[[ INFORMATION PROVIDED open ]]
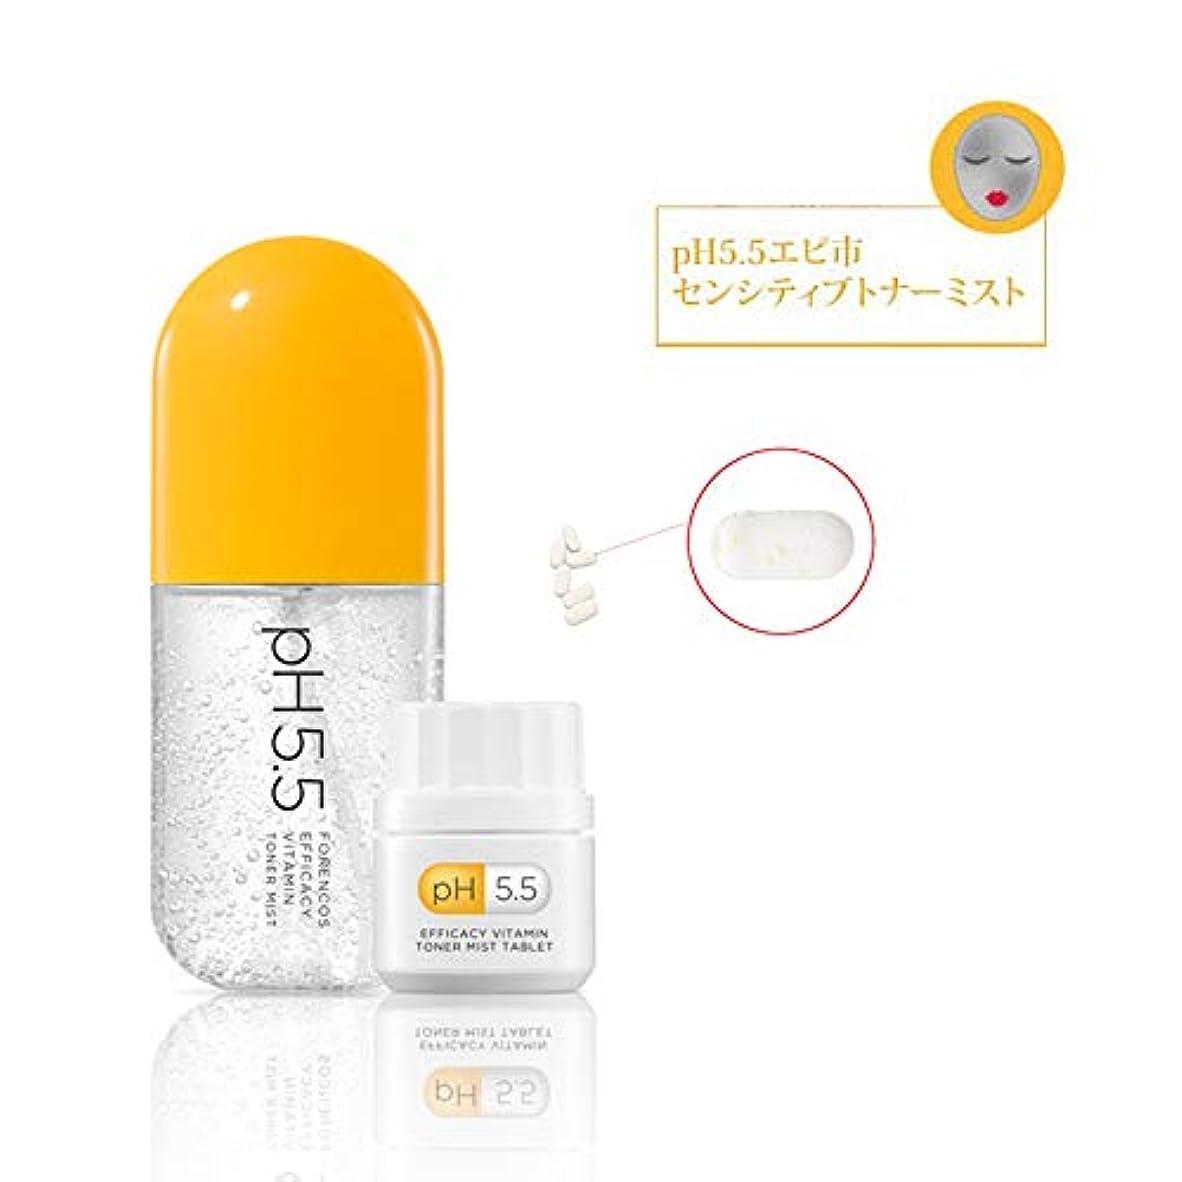 曲がったアコードカストディアン[FORENCOS] pH5.5 ビタミン効果型化粧水スプレー/pH 5.5 Efficacy Toner Mist (1g*10ea) 1 Pack #Vitamin
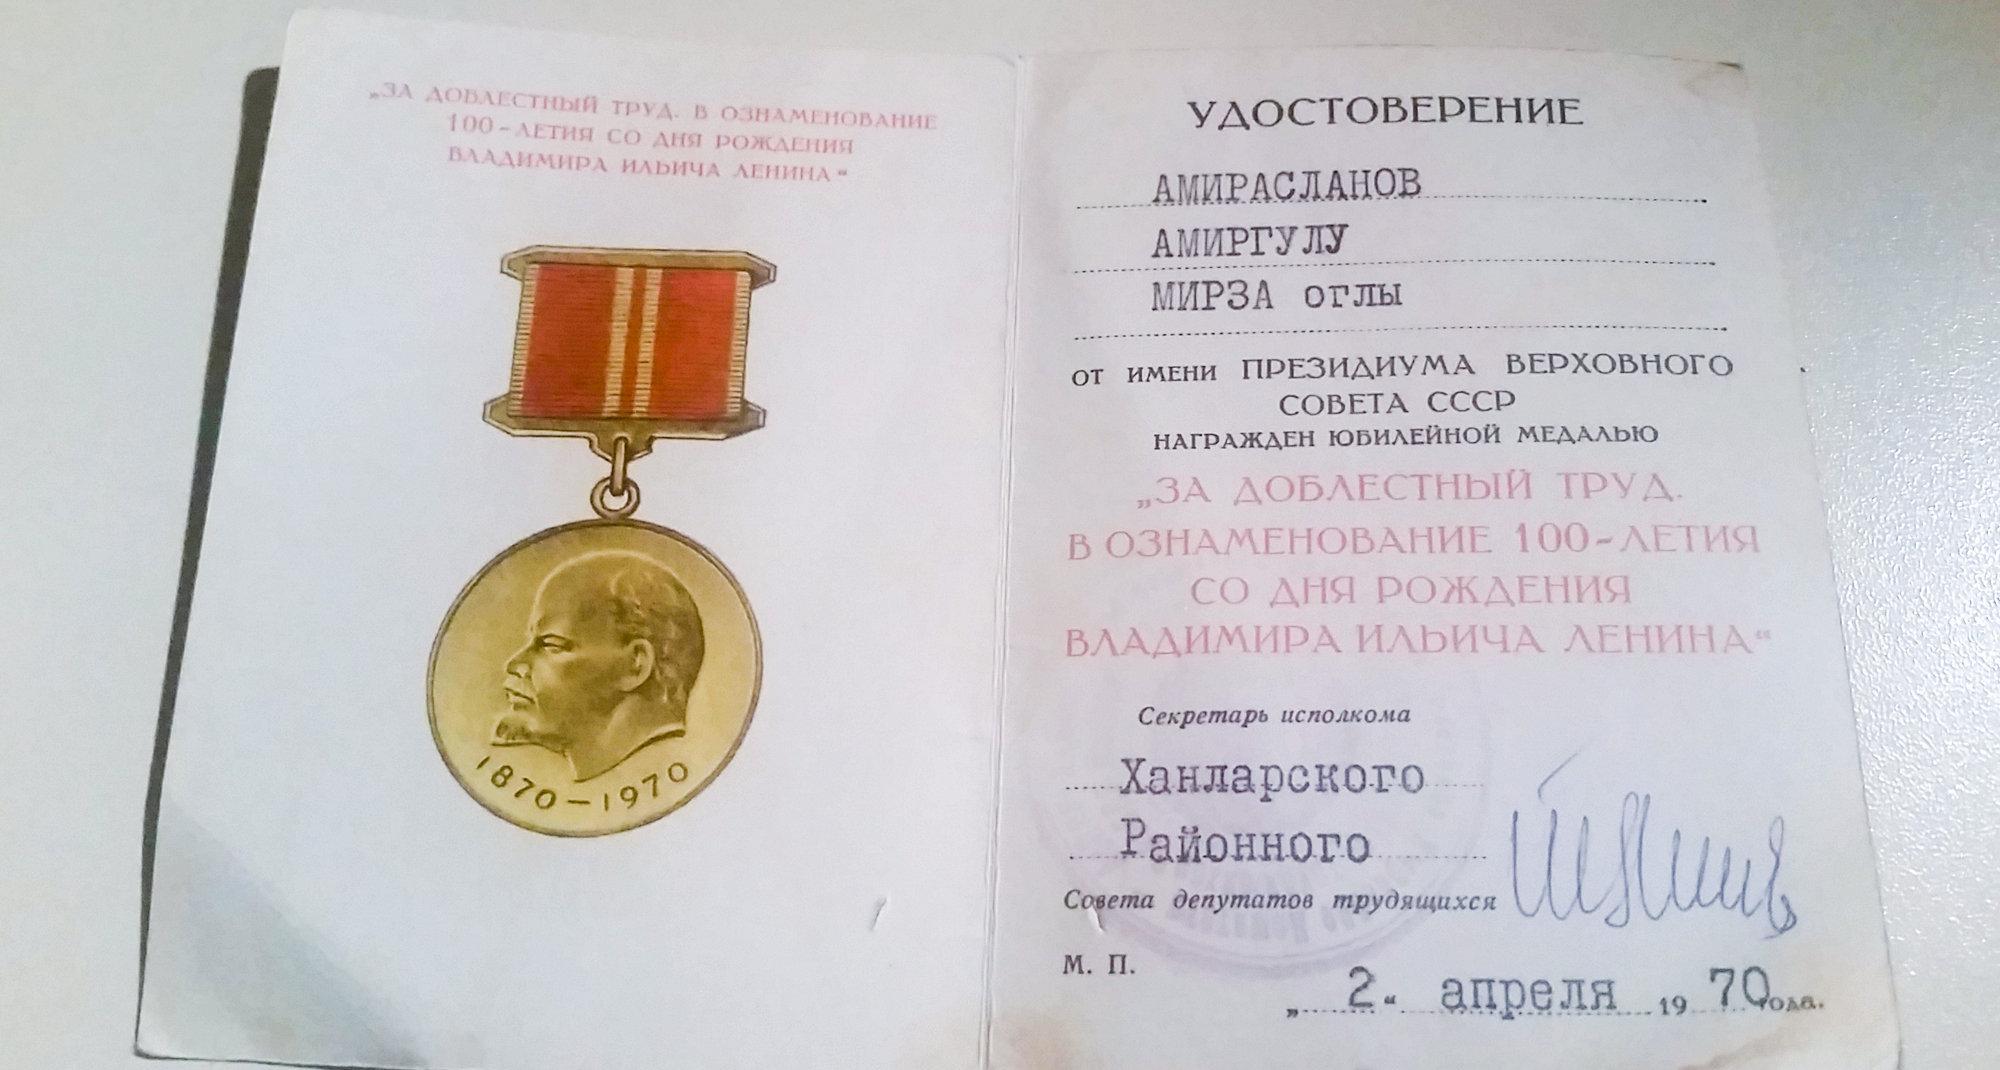 Əmirqulu Əmiraslanovun təltif olunduğu Lenin medalı
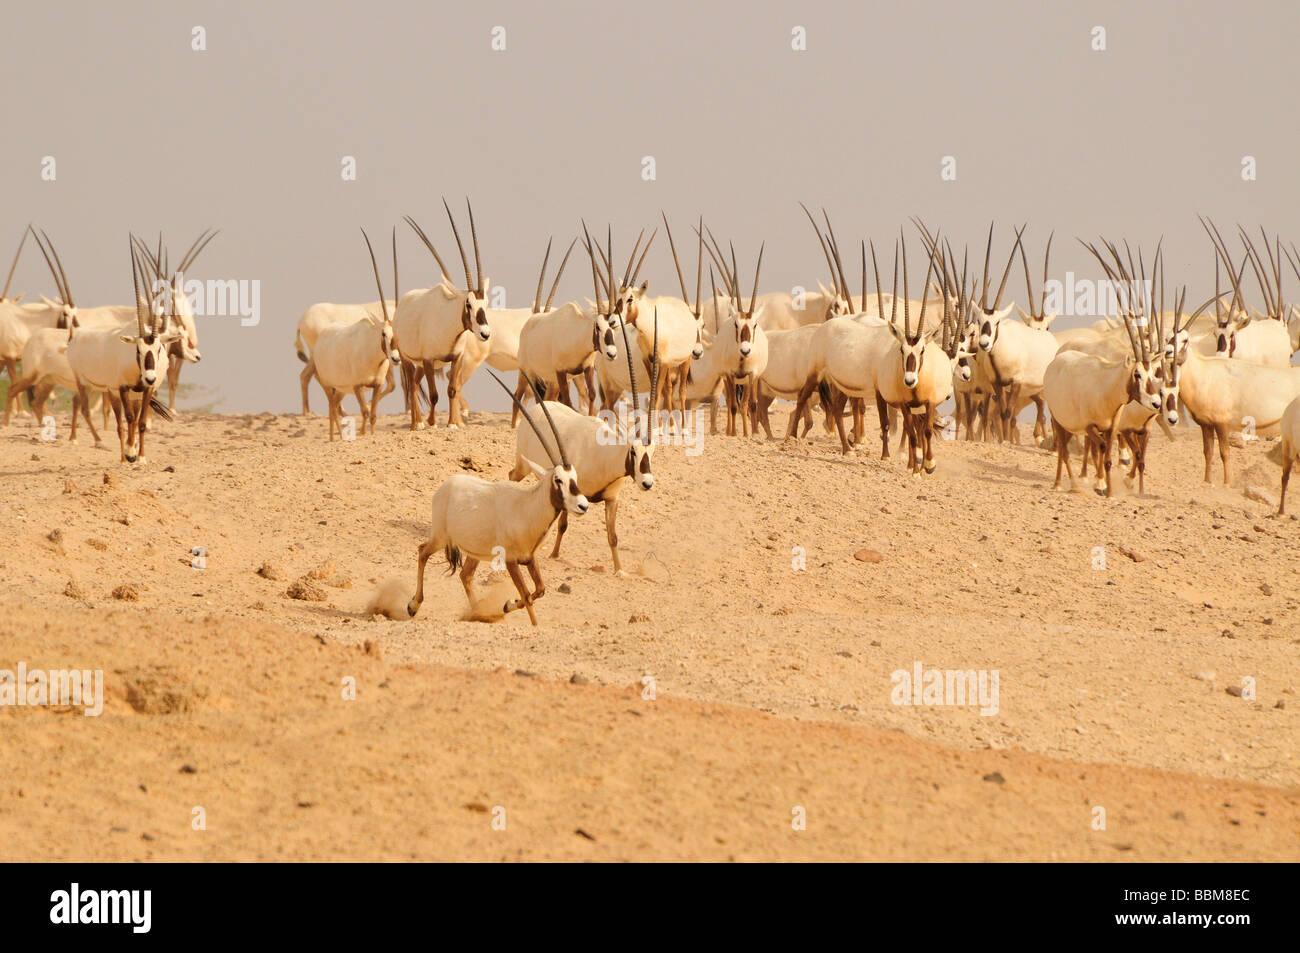 Arabian Oryx (Arabian oryx), Sir Bani Yas Island, Abu Dhabi, Emirati Arabi Uniti, Arabia, vicino Oriente, Orient Immagini Stock
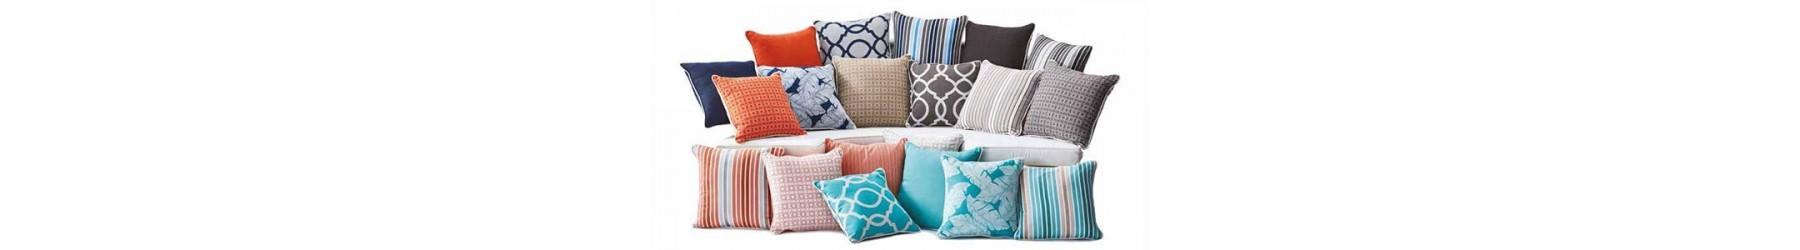 Διακοσμητικά μαξιλάρια για να τον καναπέ και την πολυθρόνα.
[[ INFORMATION PROVIDED closed ]]
**HOW TO COMPLETE THIS TASK:** Starting at the line that contains "Arabian Oryx (Arabian", please write out each line through the last line of the data, both ends included, and keep pictures out of the copy.

**REPLY:**
 Arabian Oryx (Arabian oryx), Sir Bani Yas Island, Abu Dhabi, Emirati Arabi Uniti, Arabia, vicino Oriente, Orient Immagini Stock
 Διακοσμητικά μαξιλάρια για να τον καναπέ και την πολυθρόνα.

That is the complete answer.